- _Recorded information_:

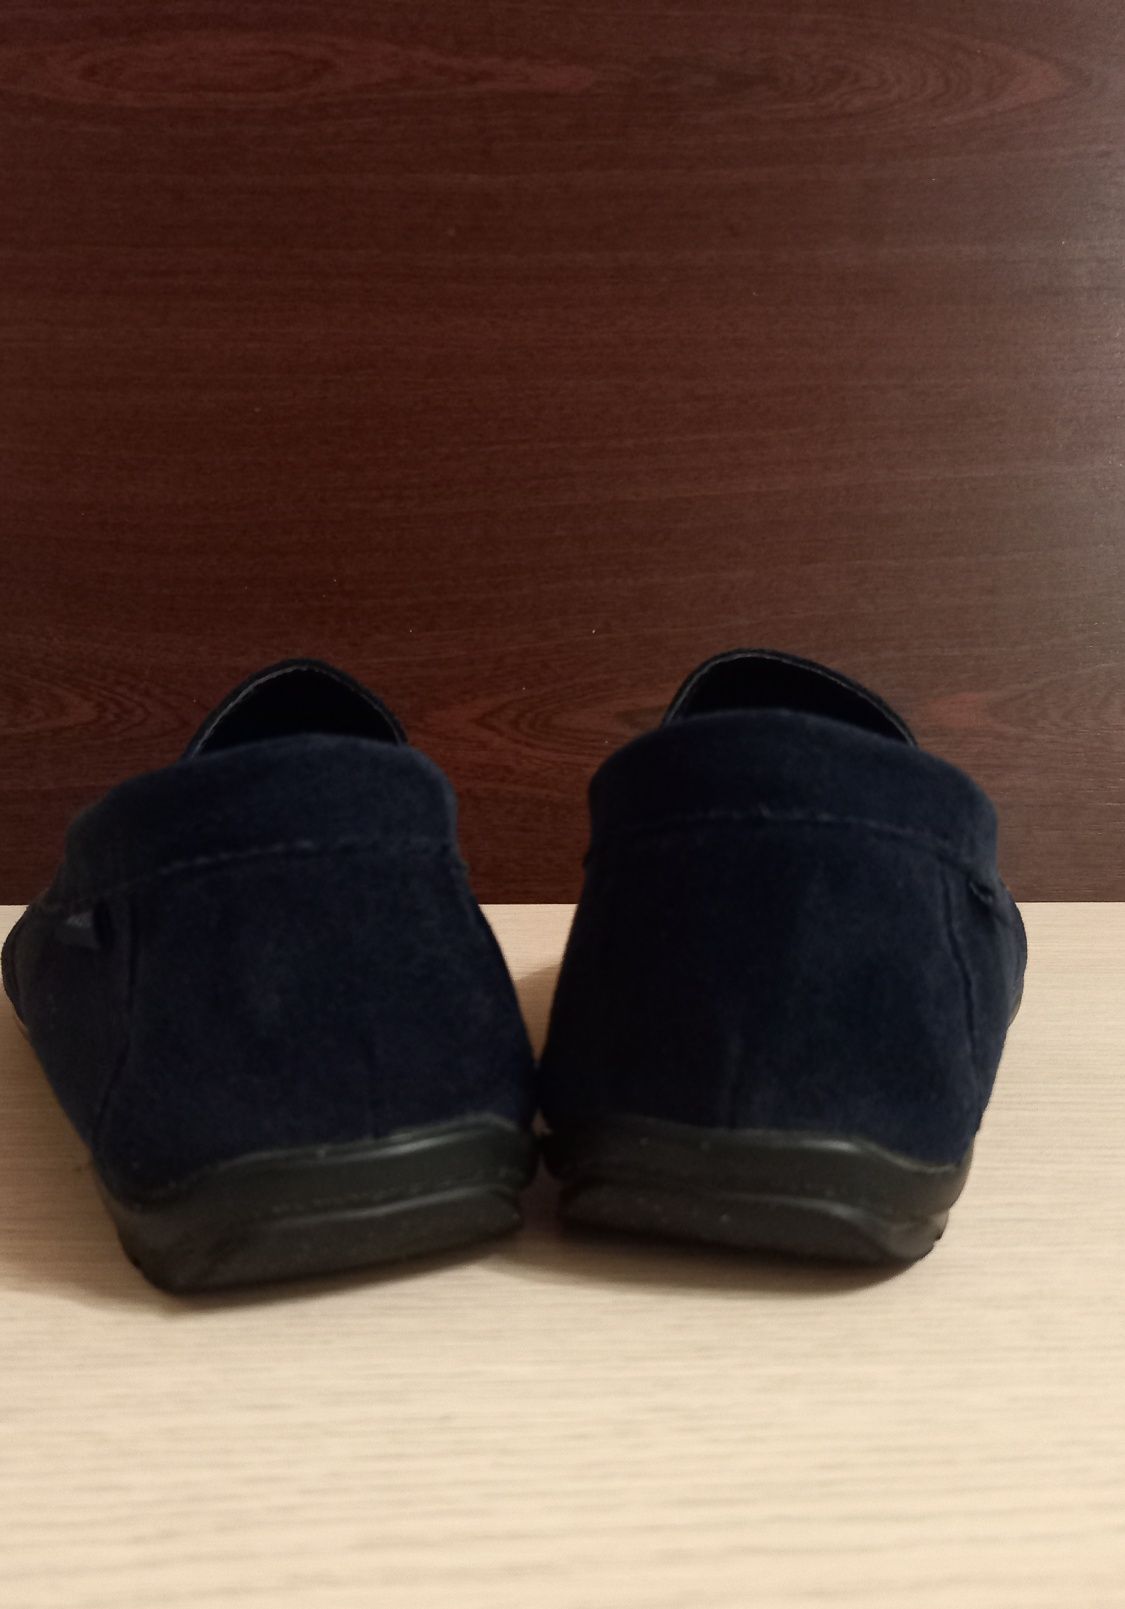 Продам мокасины (туфли) синие 39р.
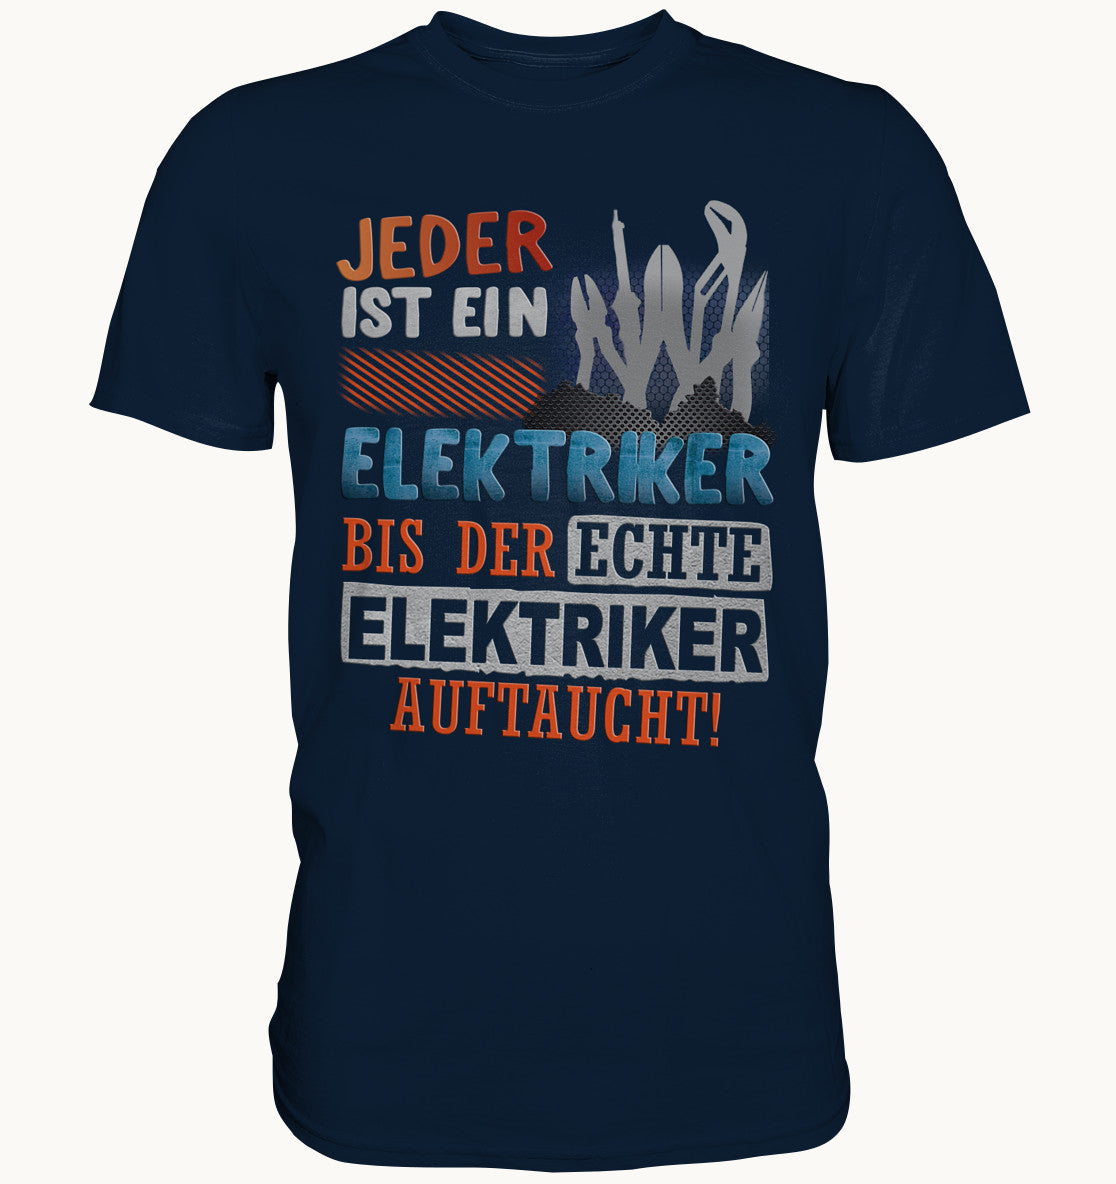 Jeder ist ein Elektriker, bis der echte Elektriker auftaucht - Handwerker Sprüche Shirt
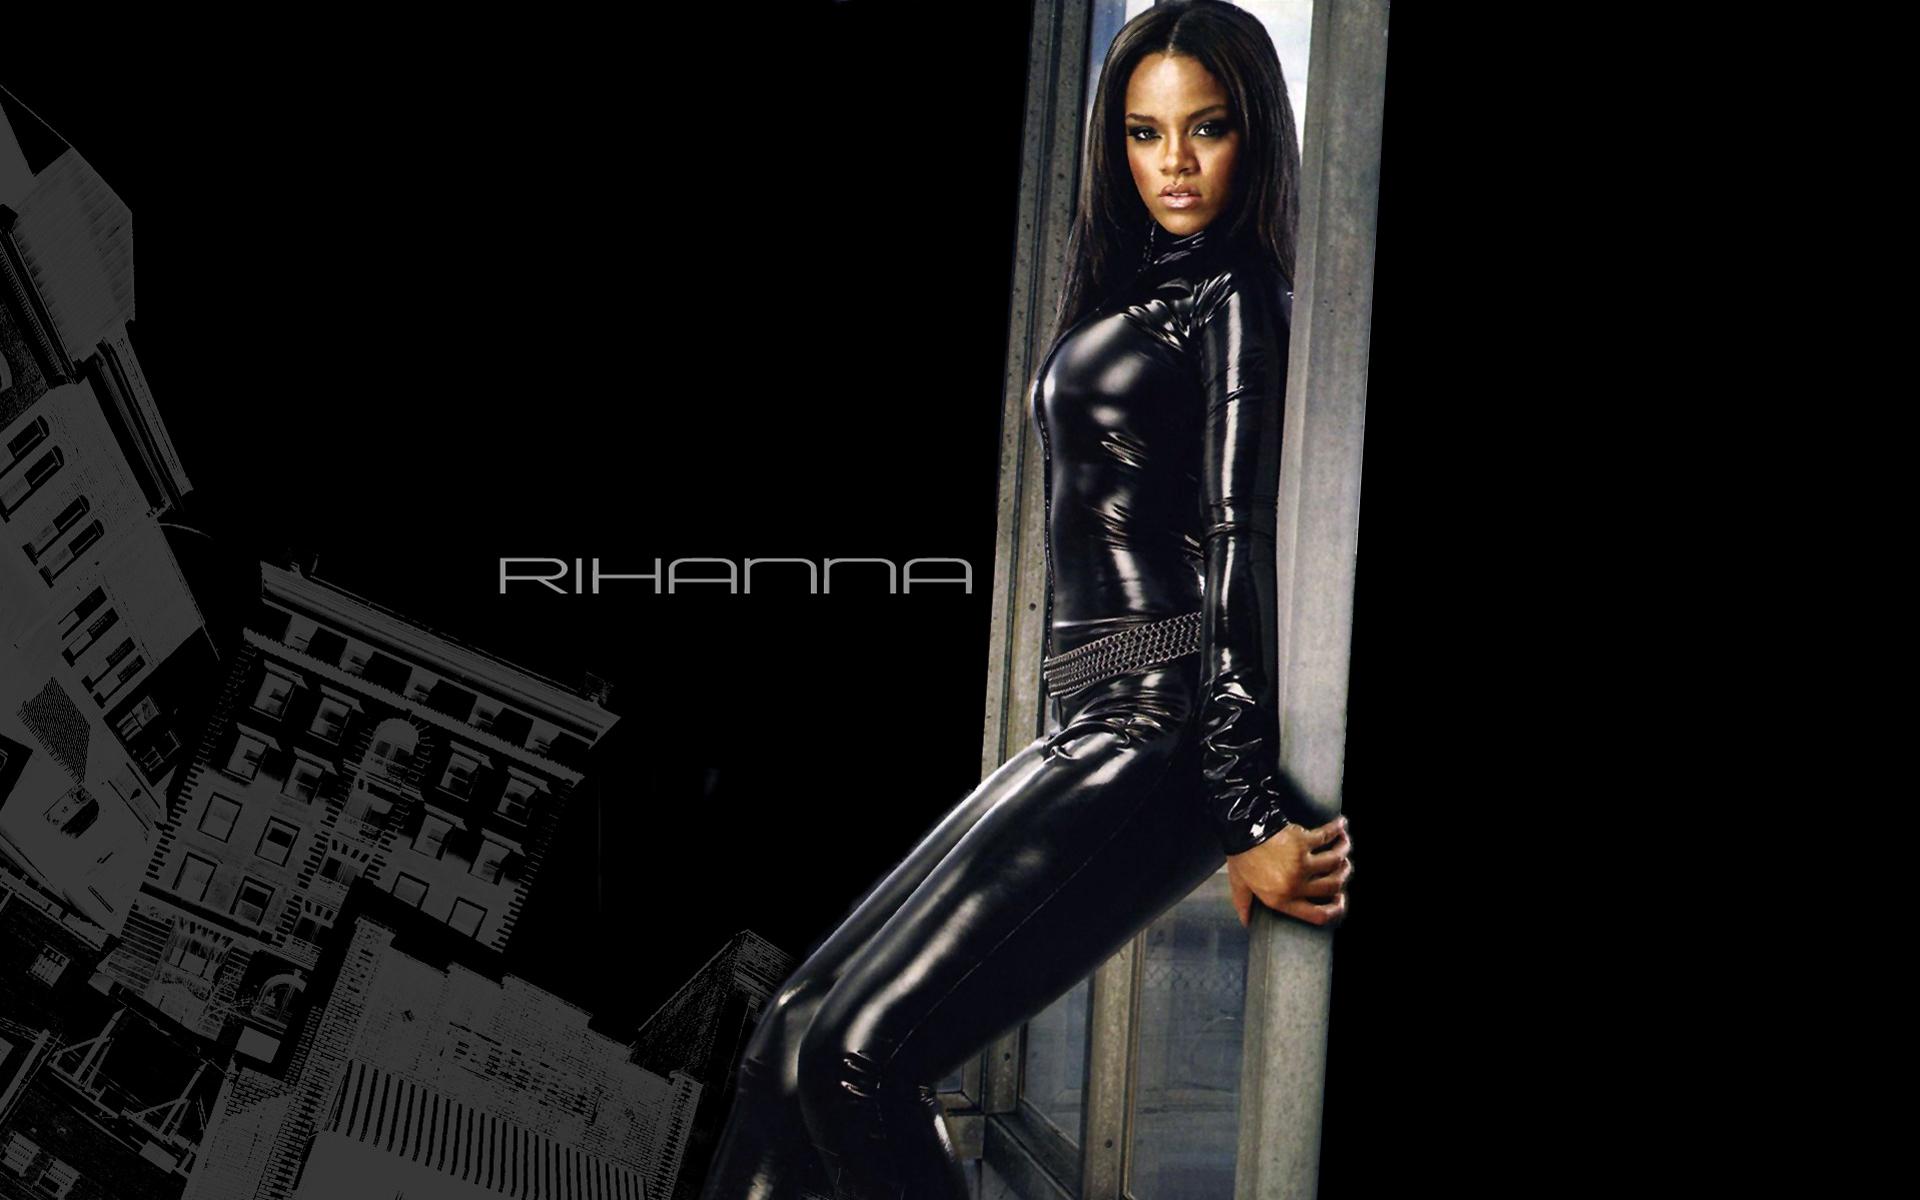 Rihanna Hot Widescreen Wallpaper -17

- _How to complete this task_: Retype each line above exactly and leave out any picture.

- _Finished exercise_:
 Продам мокасины (туфли) синие 39р.
 Jeder ist ein Elektriker, bis der echte Elektriker auftaucht - Handwerker Sprüche Shirt
 Rihanna Hot Widescreen Wallpaper -17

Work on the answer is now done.